What the task requires
In the listing that follows, determine how many lines include the word "Sleeve". Respond with that number alone.

Given data

+--

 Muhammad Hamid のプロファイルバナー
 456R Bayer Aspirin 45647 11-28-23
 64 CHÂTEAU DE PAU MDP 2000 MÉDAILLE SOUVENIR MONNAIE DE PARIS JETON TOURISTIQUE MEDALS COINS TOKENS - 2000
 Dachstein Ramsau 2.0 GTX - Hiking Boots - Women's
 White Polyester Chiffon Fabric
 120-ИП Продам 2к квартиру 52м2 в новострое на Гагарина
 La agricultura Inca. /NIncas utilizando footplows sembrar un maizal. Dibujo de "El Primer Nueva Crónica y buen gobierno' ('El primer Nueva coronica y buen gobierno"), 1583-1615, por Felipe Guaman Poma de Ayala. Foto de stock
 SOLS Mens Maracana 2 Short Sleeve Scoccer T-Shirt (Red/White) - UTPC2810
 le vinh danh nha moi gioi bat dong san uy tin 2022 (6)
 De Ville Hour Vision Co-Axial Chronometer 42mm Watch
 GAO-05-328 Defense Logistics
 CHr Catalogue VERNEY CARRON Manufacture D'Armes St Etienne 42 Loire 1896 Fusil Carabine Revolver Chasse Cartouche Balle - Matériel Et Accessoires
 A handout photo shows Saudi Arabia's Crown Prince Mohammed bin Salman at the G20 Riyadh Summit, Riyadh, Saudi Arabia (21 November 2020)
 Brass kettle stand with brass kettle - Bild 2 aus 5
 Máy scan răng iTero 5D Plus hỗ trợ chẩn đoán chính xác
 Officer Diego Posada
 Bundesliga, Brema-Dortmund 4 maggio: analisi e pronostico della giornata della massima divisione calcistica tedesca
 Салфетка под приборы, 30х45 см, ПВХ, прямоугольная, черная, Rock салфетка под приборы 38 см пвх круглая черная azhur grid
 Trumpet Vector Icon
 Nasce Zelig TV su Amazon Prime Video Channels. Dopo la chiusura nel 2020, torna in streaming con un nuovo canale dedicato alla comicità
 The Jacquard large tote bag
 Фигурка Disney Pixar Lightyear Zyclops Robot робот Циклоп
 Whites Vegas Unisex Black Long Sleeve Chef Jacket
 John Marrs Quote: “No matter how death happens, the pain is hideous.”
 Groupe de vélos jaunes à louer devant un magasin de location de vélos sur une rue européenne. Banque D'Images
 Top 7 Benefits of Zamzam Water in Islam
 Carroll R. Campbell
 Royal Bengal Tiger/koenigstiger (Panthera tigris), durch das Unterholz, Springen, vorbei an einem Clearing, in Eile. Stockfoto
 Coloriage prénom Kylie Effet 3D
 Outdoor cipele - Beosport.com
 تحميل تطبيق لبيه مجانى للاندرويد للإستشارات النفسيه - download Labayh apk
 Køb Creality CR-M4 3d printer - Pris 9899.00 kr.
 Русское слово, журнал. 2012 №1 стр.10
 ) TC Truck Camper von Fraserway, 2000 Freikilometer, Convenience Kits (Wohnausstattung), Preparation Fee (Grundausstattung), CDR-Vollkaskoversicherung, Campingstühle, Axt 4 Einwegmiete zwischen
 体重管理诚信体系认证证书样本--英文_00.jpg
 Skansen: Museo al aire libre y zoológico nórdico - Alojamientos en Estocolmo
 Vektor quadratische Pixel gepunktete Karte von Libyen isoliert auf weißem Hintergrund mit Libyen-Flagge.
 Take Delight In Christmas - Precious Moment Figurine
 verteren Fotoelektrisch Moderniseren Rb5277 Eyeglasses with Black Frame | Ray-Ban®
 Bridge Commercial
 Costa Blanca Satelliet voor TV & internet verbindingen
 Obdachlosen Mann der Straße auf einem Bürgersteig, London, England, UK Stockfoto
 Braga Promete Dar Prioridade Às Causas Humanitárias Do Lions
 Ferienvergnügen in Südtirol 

+--

Answer space
2